Book Synopsis Modeling and Inverse Problems in the Presence of Uncertainty by : H. T. Banks
Download or read book Modeling and Inverse Problems in the Presence of Uncertainty written by H. T. Banks and published by CRC Press. This book was released on 2014-04-01 with total page 403 pages. Available in PDF, EPUB and Kindle. Book excerpt: Modeling and Inverse Problems in the Presence of Uncertainty collects recent research-including the authors' own substantial projects-on uncertainty propagation and quantification. It covers two sources of uncertainty: where uncertainty is present primarily due to measurement errors and where uncertainty is present due to the modeling formulation i
Book Synopsis The Uncertainty Analysis of Model Results by : Eduard Hofer
Download or read book The Uncertainty Analysis of Model Results written by Eduard Hofer and published by Springer. This book was released on 2018-07-01 with total page 346 pages. Available in PDF, EPUB and Kindle. Book excerpt: This book is a practical guide to the uncertainty analysis of computer model applications.

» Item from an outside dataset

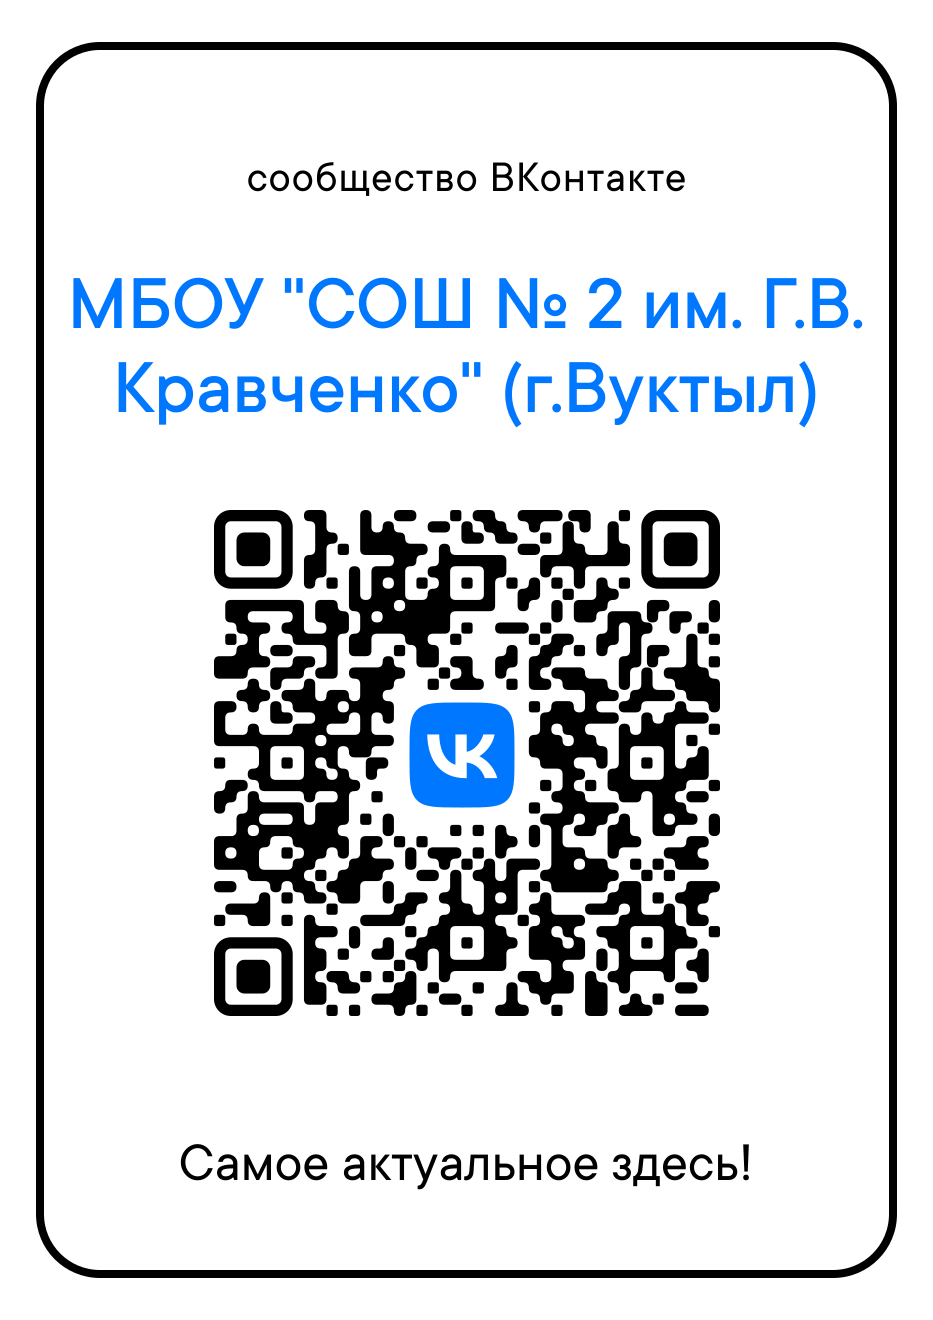 Переходите на наше сообщество Вконтакте.

Used in many areas, such as engineering, ecology and economics, computer models are subject to various uncertainties at the level of model formulations, parameter values and input data. Naturally, it would be advantageous to know the combined effect of these uncertainties on the model results as well as whether the state of knowledge should be improved in order to reduce the uncertainty of the results most effectively. The book supports decision-makers, model developers and users in their argumentation for an uncertainty analysis and assists them in the interpretation of the analysis results.